I got the kindergarten blues.

We were arguing. Everything was an emotionally charged exchange from what socks to wear to if we would even need them since our big plan was puzzles, indoors. It was the day before Kindergarten, and all through the house, every creature was stirring and I was an irritable louse. Cheese puffs were consumed, coffee kept pouring, and cartoons were the constant sound of our day.

She was nervous, restless, anxious and so was I; but I’m the grown up so I had to adult it and didn’t want to. I wanted her to be excited and confident about the next day and the fact that she wasn’t made me worry even more for her. She needed my help to manage and understand her emotions but my skills were falling short. My anxiety over many other issues was winning out. So I did the best I could.

We cuddled, ate badly, watched movies and reminisced. We looked at photos and videos of her as a baby, then toddlerhood, and her preschool years. The thought came unbidden, the one parents deny to others and certainly their own kids, I wish I would have enjoyed our time together more. 

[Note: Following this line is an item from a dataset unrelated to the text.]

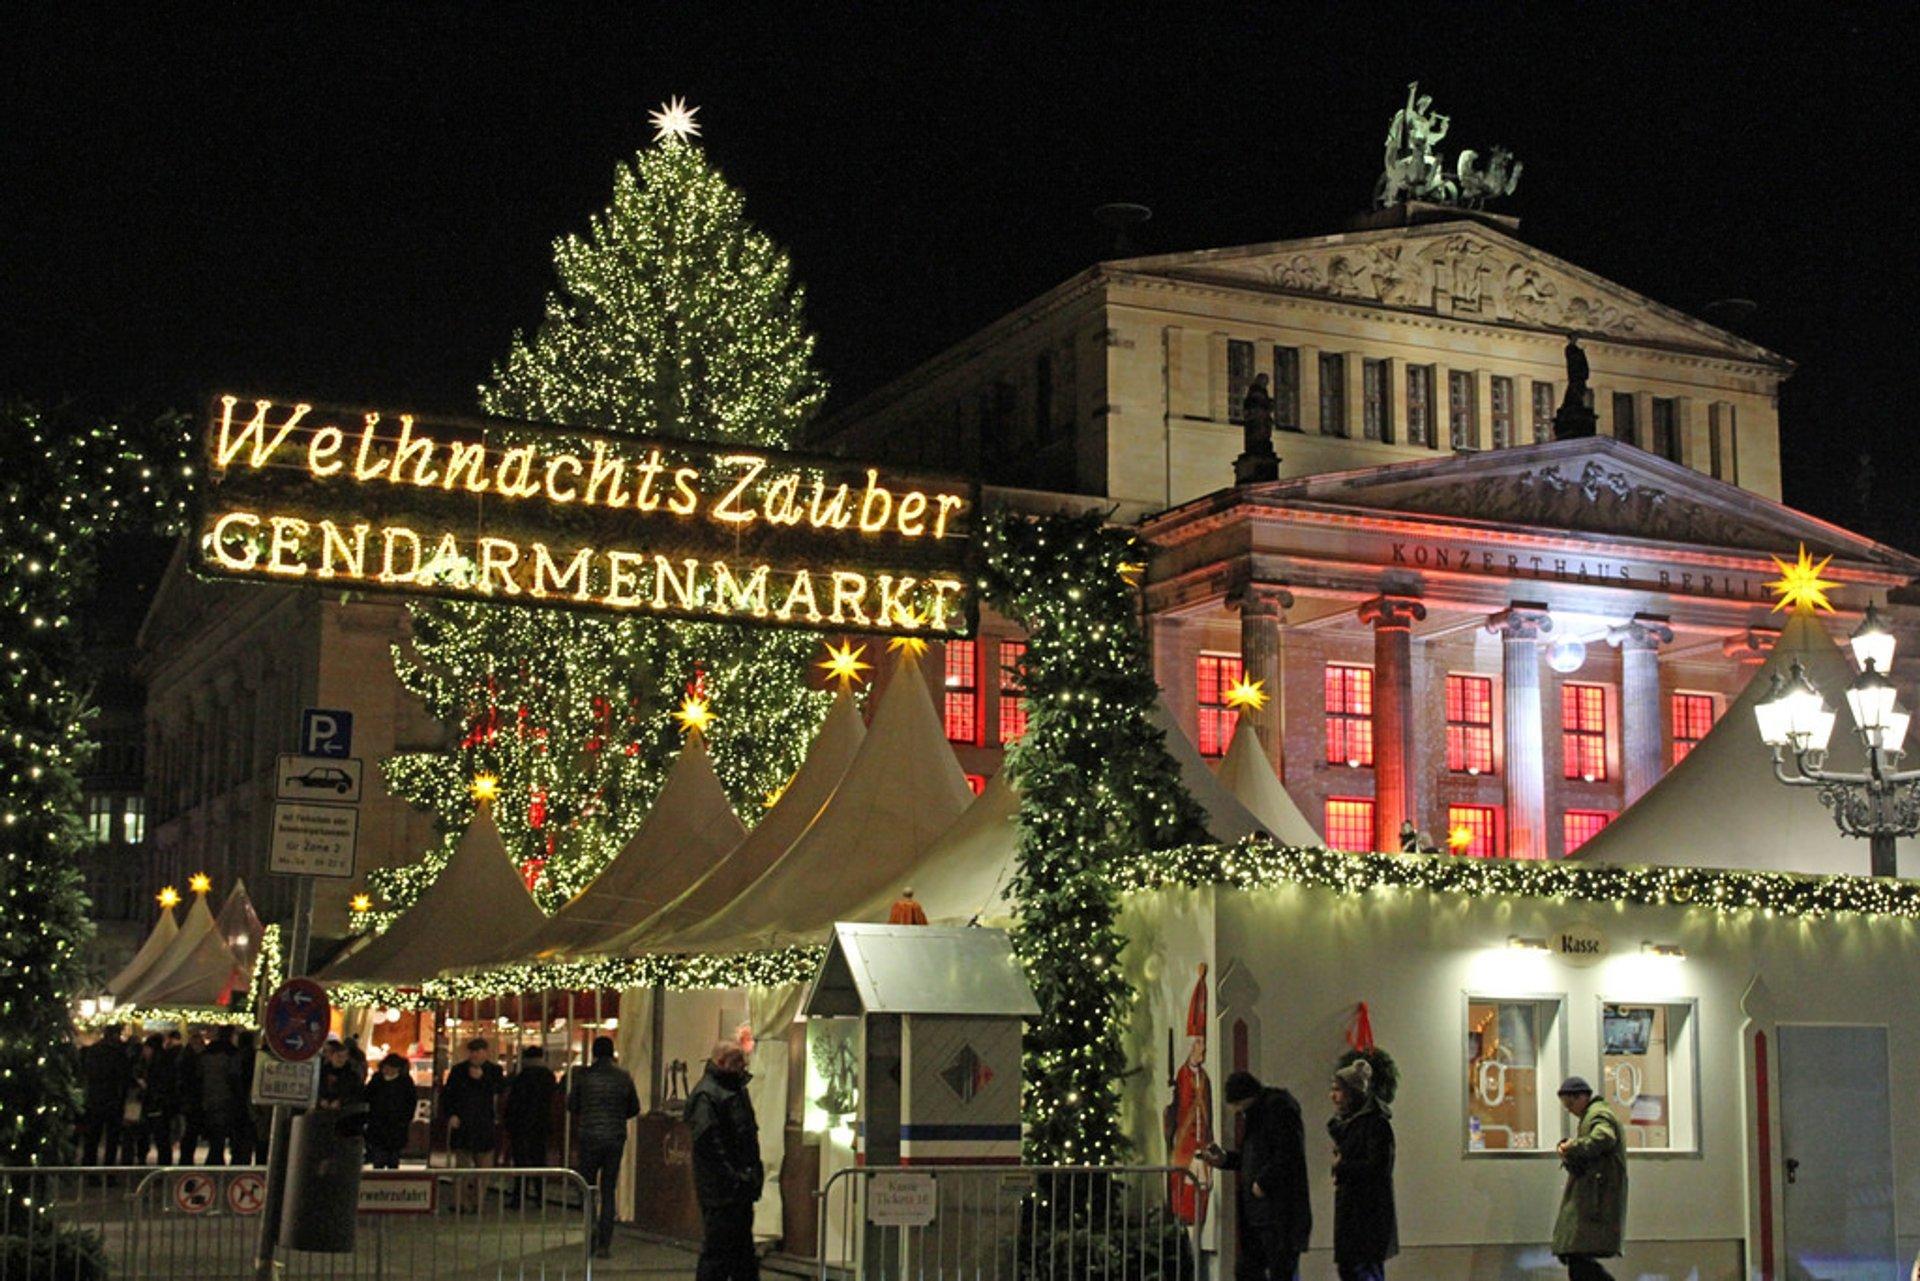 Weihnachtszauber Gendarmenmarkt, Berlin 2020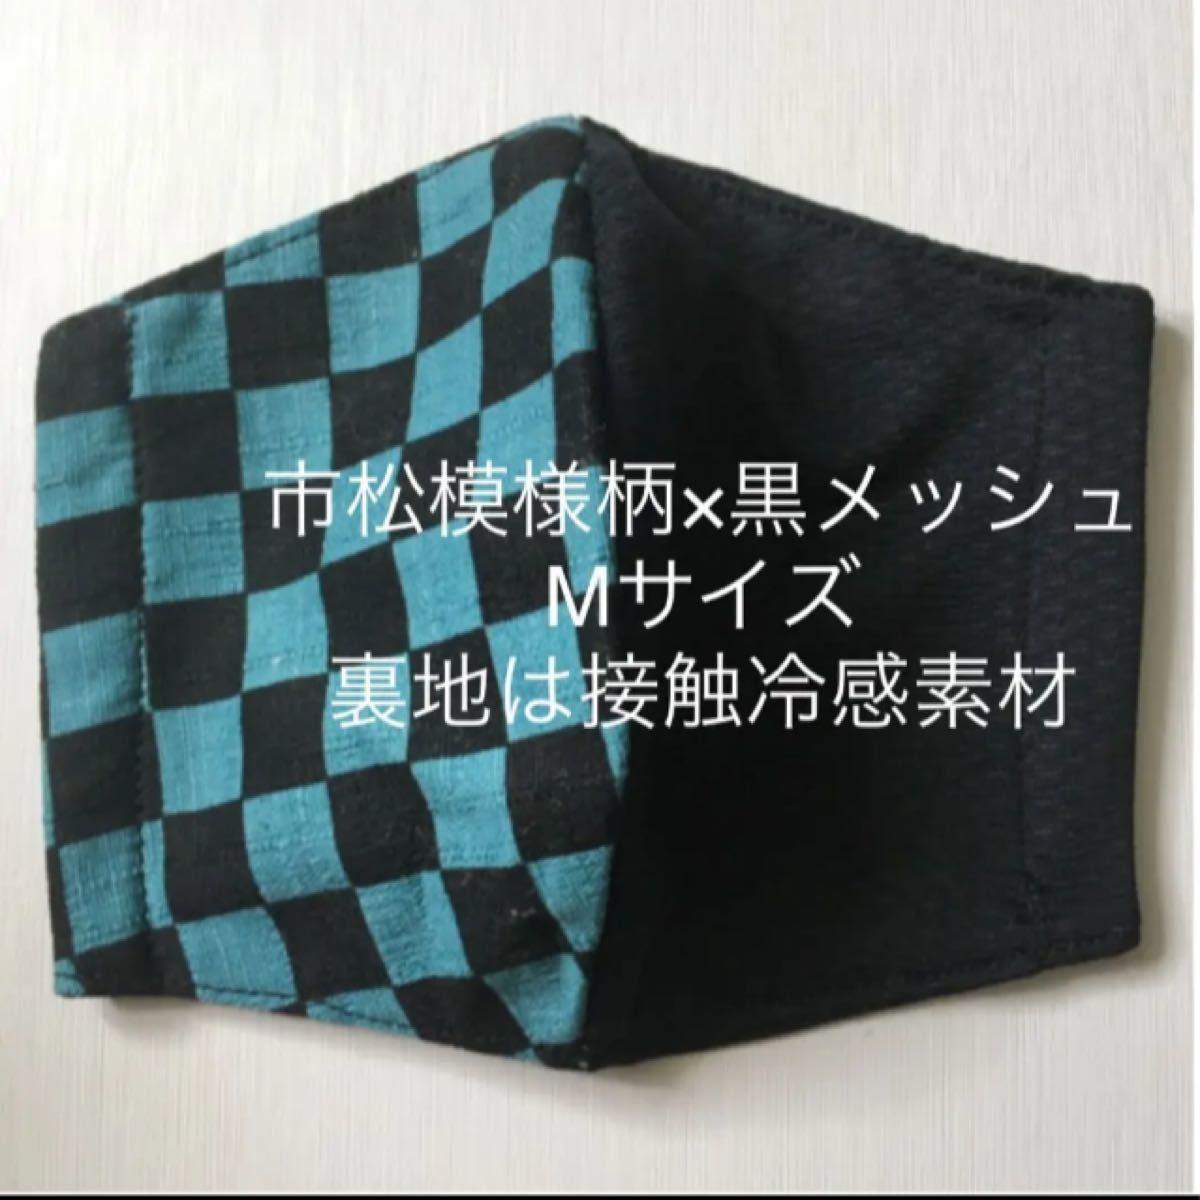 市松模様柄×黒メッシュMサイズ【A】裏地は接触冷感素材

She was a colicky baby, a toddler slow to speak, a shy preschooler, and now? A big kid at kindergarten. Kind, reserved, polite, observant, helpful, worried, and prepared. I was not.

A nervously confident kid who introduced herself to her new classmates, tentatively asked them about themselves, and proudly told me today on her second day of school as I walked her to her room, “I’m good, mom. You can go.” She was smiling faintly, ready for the day, but also wanting her screaming and flailing brother removed from her classroom.

I carried a squirming Owen as he hollered his objection over leaving his sister behind at school. Not as shrieky as the first day at least but still back breaking enough that I was relieved to have him strapped into the carseat.

How can I leave her there alone? She’s going to come home upset again like the first day…I wish I could go back in to check on her but I don’t want to embarrass her. I wish I had had more time with her on our own.

It feels like your kids are expected to be away from you in increasing correlation to how enjoyable they are to be around. All the hard work is done and other people get to hang out with them. It sucks.

Owen and I made our way to the grocery store. I busied him with his bag of cars and a constant stream of baby food pouches. I tried to stay cheerful and kept up a commentary of what I saw on the shelves and my opinions. Owen reached up from the cart to hug me with an “awww”. I smiled at him and he farted as he threw his cars down the aisle. When do you go to kindergarten again?